Friday, October 8, 2010

Butter Chicken

 I hate my food processor. Not because it's a hand-me-down and I only have the chopping blade; it's the most useful, anyway. Or because it's a hassle to get it down from the top if the fridge every time I need to use it. Or that, due to the way outlets in our kitchen are set up, I have to delicately balance it on the edge of a shelf, holding onto the sides while it processes away. Or that it's 110 volts and I lost my converter in our last move (and obviously have yet to replace it), so I fear the Foop is going to explode in my hands, blowing chickpeas, parsley and fingers all over the kitchen. No, I can't hate it for those reasons because it does such a beautiful job of chopping and mixing things; plus, it's so persuasive. I look at a recipe that calls for finely mincing onions, garlic and almonds into a fine paste and the Foop calls to me from its perch: "I would make that job so much easier. Come on. Come on." And the Foop doesn't lie.

No, I hate my Foop because after the euphoria of finely ground onions and almonds has passed, I am reminded what bugs me so much: the fact the stupid contraption takes up all space in my teeny sink, forcing me to wash it before I can add more dirty dishes. The Foop mocks me.

Luckily, the mixture was for butter chicken, a dish with surprisingly subtle flavors that is nonetheless awesome, so the Foop escaped my wrath for another day. Lucky bastard. Back to the food: I have been eyeing this recipe ever since my sister gave me to book over a year ago and I haven't made it until now because . . . I don't know. Maybe I was too lazy to buy sliced almonds? But the last time we were at Dawat, our favorite Indian restaurant here, our friend ordered butter chicken and I decided I could do even better in my kitchen. Of course.

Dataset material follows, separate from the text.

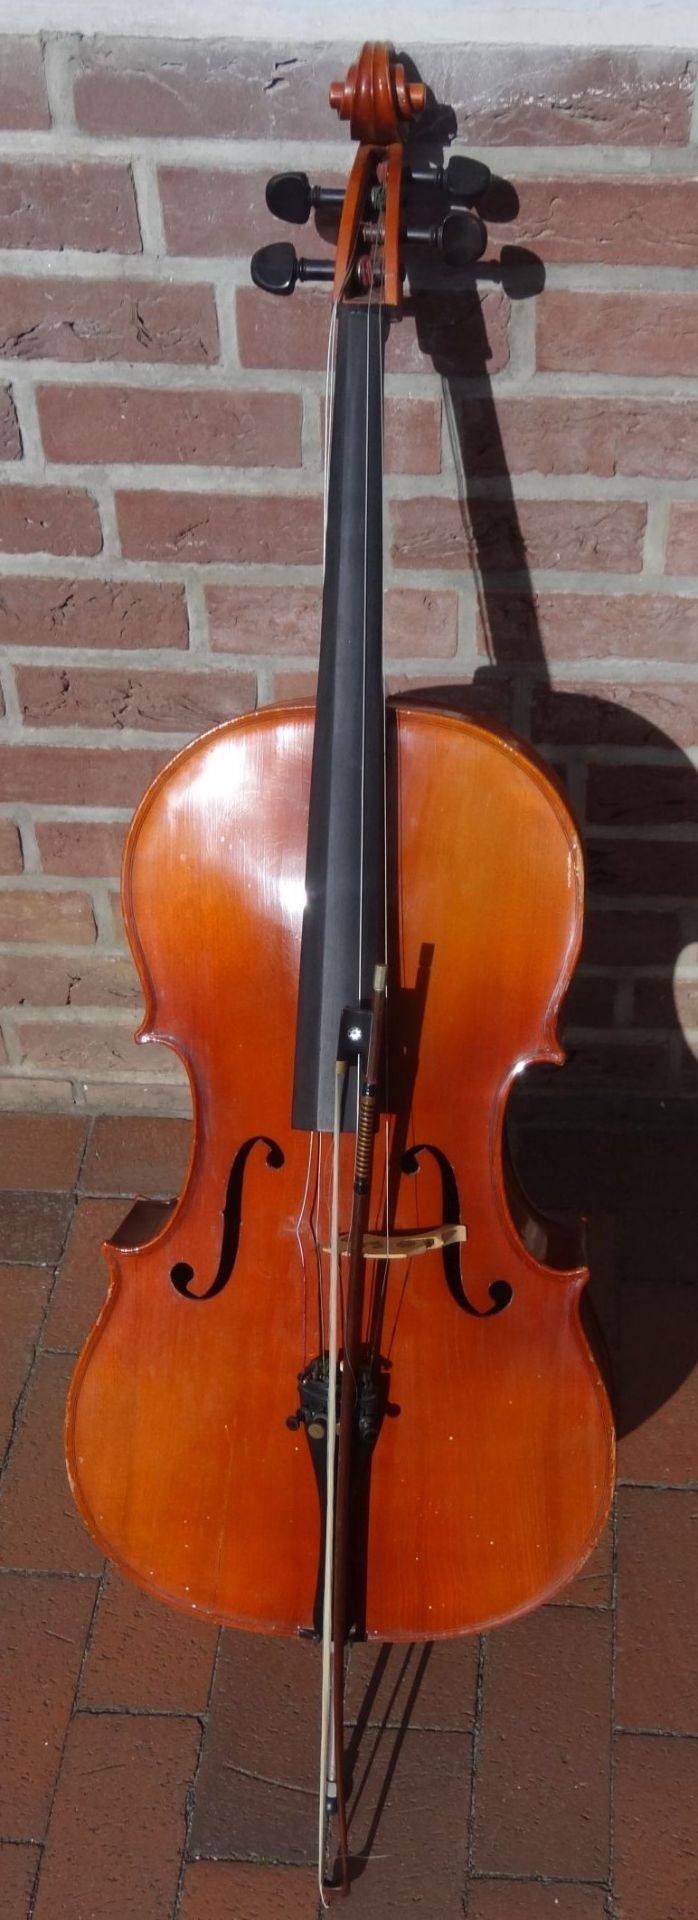 Cello mit Bogen, Alters-u. Gebrauchsspuren, H-130 cm,

The recipe is pretty easy: a long marinade, quick browning in a frying pan, then - this is the best part - you bake it for an hour. Yes, an Indian dish that is baked! You'll be so shocked by the freedom this affords you that you may wander aimlessly around the kitchen, confused, wondering where the stuff is you need to stir. There also aren't any "exotic" ingredients, though cardamom pods may be an investment. They last a long time, though, because a dish rarely calls for more than a few at a time, so your money will go a long way.

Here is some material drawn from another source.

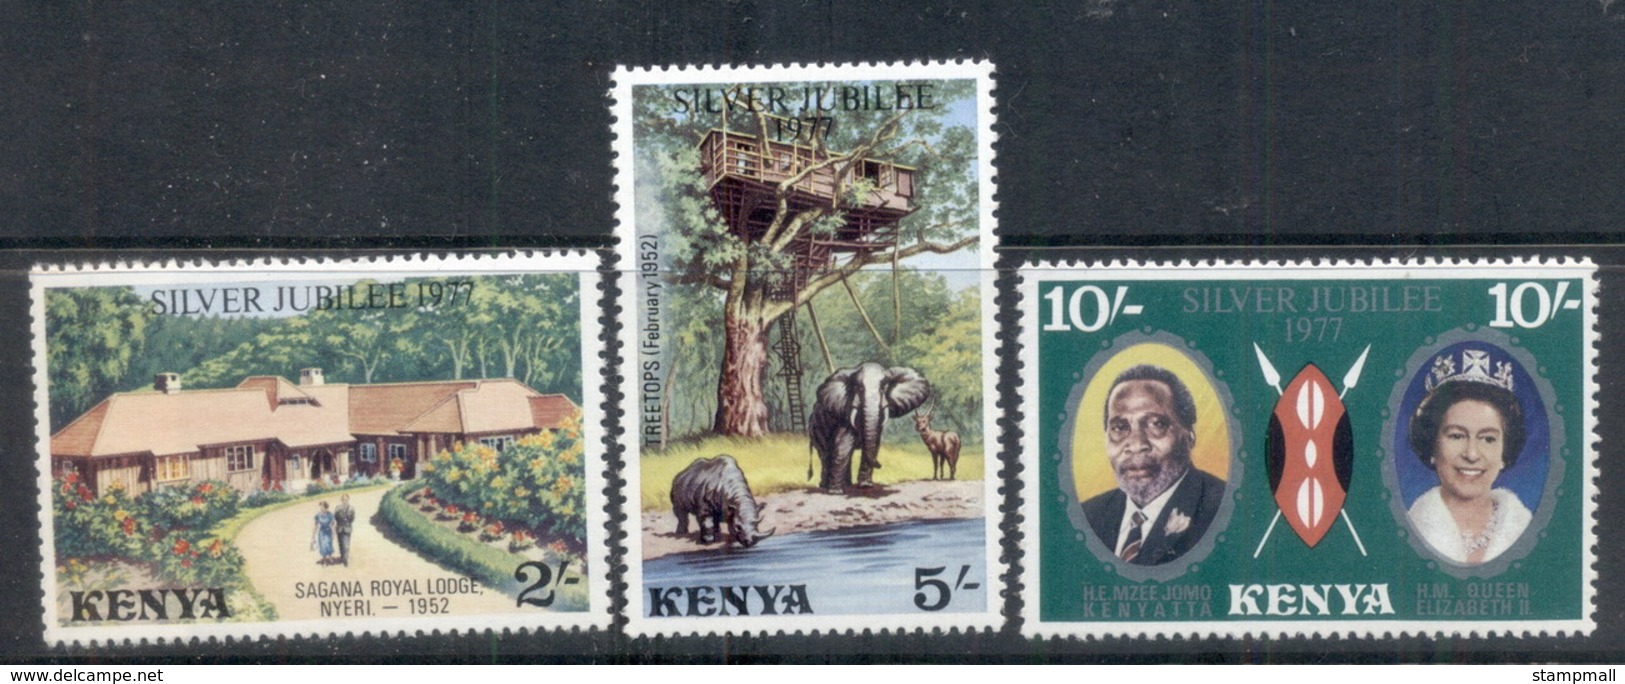 Kenya 1977 QEII Silver Jubilee MUH - Kenya (1963-...)

Just to make myself clear: all three of us in the house were blown away by how good this was. Hot damn.

Butter Chicken
The Food of India

 2cm (3/4inch) piece of ginger, roughly chopped
3 garlic cloves, roughly chopped
1/2cup blanched almonds
2/3cup thick plain yogurt (you can also drain regular yogurt using a fine mesh sieve or cheesecloth to remove the whey)
1/2tsp chili powder
1/4tsp ground cloves
1/4tsp ground cinnamon
1tsp garam masala
4 cardamom pods, lightly crushed
14oz can chopped tomatoes
1 1/4tsp salt
1kg skinless, boneless chicken thigh fillets, cut into large pieces (I used skinless thighs with the bone and kept them whole; they were small)
5tbsp ghee or clarified butter
1 large onion, thinly sliced
6tbsp finely chopped cilantro
1/4cup thick cream (the book recommends double/heavy, but I used single and it was fine)

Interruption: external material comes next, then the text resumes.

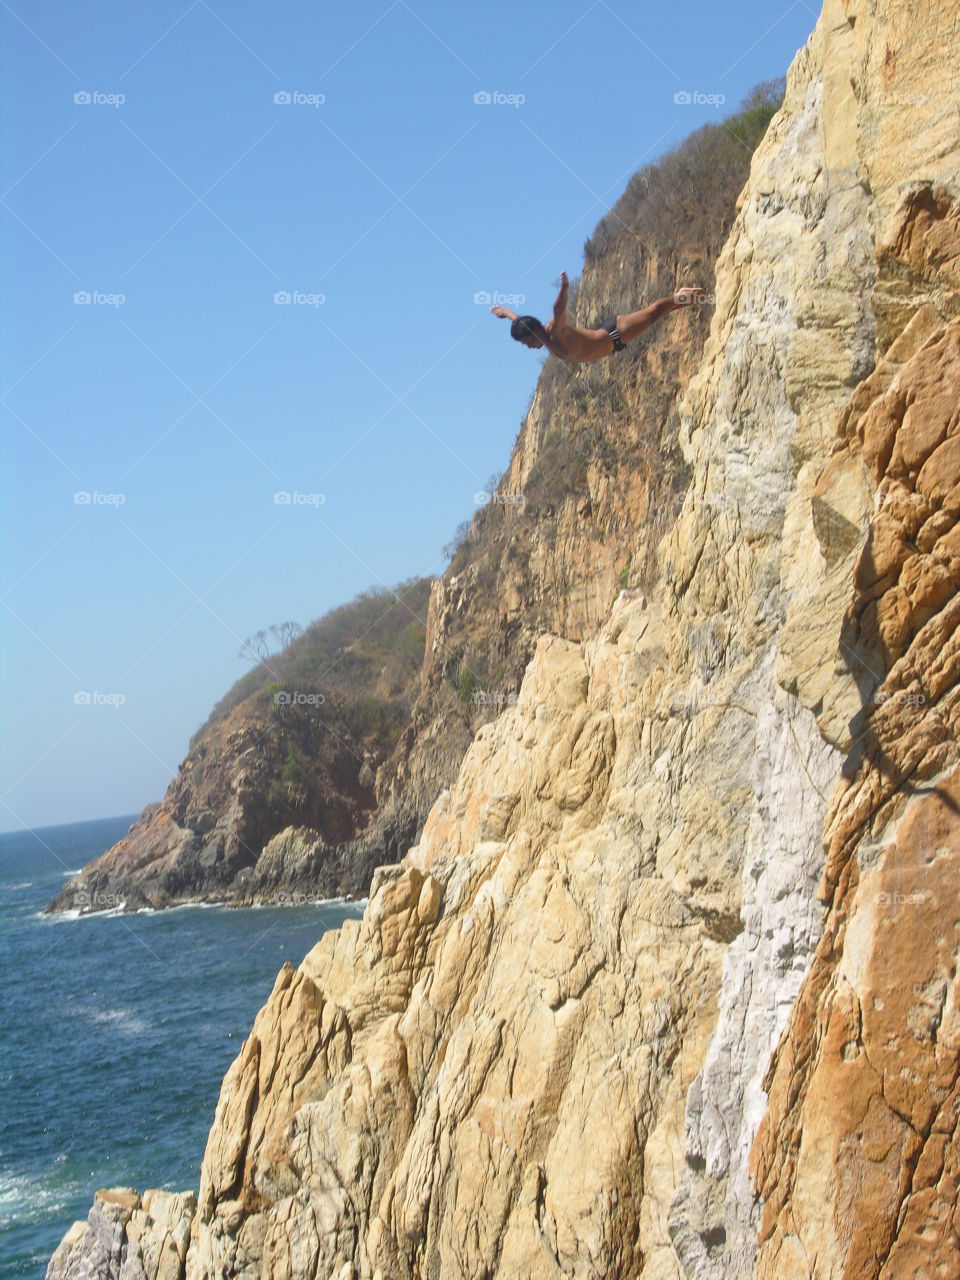 Mexico - Acapulco. Experience behind rocks called El Quebrada

1. Blend the ginger and garlic together to a paste in a food processor or pestle and mortar. Grind the almonds in a food processor or finely chop with a knife. (I chopped the onions and garlic in the Foop, then added the almonds and pulsed it a few times.)

2. Put this mixture in a bowl and add the yogurt, chili powder, cloves, cinnamon, garam masala, cardamom pods, tomatoes and salt. Blend together with a fork. Add chicken pieces and stir to coat thoroughly. Marinate for 2 hours or overnight.

3. Preheat oven to 350F. Heat the ghee in a deep frying pan, add onion and fry until softened and brown. Add chicken mixture and fry for 2 minutes. Mix in the fresh coriander. Put the mixture into a shallow baking dish, pour in the cream and stir with a fork.

4. Bake for 1 hour. If the top is browning too quickly during cooking, cover with a piece of foil. Leave to rest for 10 minutes before serving. The oil will rise to the surface. Just before serving, place dish under the broiler for about 2 minutes to brown the top.

5. If necessary, slightly tip the dish and spoon off any extra oil.